Task details
Write out every line exactly, from the first line of the records below through the line that contains "Shipping partner Ramnagar".

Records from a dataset

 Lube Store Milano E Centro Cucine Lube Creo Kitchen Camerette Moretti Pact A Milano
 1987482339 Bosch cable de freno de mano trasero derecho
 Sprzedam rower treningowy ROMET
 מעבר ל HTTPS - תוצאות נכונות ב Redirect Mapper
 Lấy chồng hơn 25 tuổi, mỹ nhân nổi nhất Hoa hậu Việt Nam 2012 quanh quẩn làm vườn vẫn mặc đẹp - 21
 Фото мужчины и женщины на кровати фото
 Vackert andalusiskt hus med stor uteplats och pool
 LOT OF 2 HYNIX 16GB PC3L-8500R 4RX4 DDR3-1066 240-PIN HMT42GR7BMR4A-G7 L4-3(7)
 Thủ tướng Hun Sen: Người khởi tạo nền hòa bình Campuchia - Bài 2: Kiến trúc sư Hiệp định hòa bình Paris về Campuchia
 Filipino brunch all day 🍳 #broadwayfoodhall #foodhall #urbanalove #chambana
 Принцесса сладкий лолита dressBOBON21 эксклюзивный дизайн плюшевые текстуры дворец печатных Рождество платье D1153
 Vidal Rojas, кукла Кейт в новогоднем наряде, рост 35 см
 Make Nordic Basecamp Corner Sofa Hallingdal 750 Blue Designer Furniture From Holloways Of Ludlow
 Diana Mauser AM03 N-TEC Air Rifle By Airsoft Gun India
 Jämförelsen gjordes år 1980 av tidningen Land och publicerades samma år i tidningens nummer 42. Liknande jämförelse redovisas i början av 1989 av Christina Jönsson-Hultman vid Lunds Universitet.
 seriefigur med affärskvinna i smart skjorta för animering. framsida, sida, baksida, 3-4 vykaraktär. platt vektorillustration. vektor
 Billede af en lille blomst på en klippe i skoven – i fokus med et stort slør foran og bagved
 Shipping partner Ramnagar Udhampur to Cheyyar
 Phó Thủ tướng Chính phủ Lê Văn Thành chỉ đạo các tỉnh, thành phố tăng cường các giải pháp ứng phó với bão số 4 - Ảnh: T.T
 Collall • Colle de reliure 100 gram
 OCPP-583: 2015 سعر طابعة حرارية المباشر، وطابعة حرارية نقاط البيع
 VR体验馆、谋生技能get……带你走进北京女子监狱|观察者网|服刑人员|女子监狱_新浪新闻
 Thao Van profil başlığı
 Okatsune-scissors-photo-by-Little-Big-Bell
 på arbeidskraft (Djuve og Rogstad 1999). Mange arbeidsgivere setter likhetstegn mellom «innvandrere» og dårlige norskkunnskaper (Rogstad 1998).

Answer space
 Lube Store Milano E Centro Cucine Lube Creo Kitchen Camerette Moretti Pact A Milano
 1987482339 Bosch cable de freno de mano trasero derecho
 Sprzedam rower treningowy ROMET
 מעבר ל HTTPS - תוצאות נכונות ב Redirect Mapper
 Lấy chồng hơn 25 tuổi, mỹ nhân nổi nhất Hoa hậu Việt Nam 2012 quanh quẩn làm vườn vẫn mặc đẹp - 21
 Фото мужчины и женщины на кровати фото
 Vackert andalusiskt hus med stor uteplats och pool
 LOT OF 2 HYNIX 16GB PC3L-8500R 4RX4 DDR3-1066 240-PIN HMT42GR7BMR4A-G7 L4-3(7)
 Thủ tướng Hun Sen: Người khởi tạo nền hòa bình Campuchia - Bài 2: Kiến trúc sư Hiệp định hòa bình Paris về Campuchia
 Filipino brunch all day 🍳 #broadwayfoodhall #foodhall #urbanalove #chambana
 Принцесса сладкий лолита dressBOBON21 эксклюзивный дизайн плюшевые текстуры дворец печатных Рождество платье D1153
 Vidal Rojas, кукла Кейт в новогоднем наряде, рост 35 см
 Make Nordic Basecamp Corner Sofa Hallingdal 750 Blue Designer Furniture From Holloways Of Ludlow
 Diana Mauser AM03 N-TEC Air Rifle By Airsoft Gun India
 Jämförelsen gjordes år 1980 av tidningen Land och publicerades samma år i tidningens nummer 42. Liknande jämförelse redovisas i början av 1989 av Christina Jönsson-Hultman vid Lunds Universitet.
 seriefigur med affärskvinna i smart skjorta för animering. framsida, sida, baksida, 3-4 vykaraktär. platt vektorillustration. vektor
 Billede af en lille blomst på en klippe i skoven – i fokus med et stort slør foran og bagved
 Shipping partner Ramnagar Udhampur to Cheyyar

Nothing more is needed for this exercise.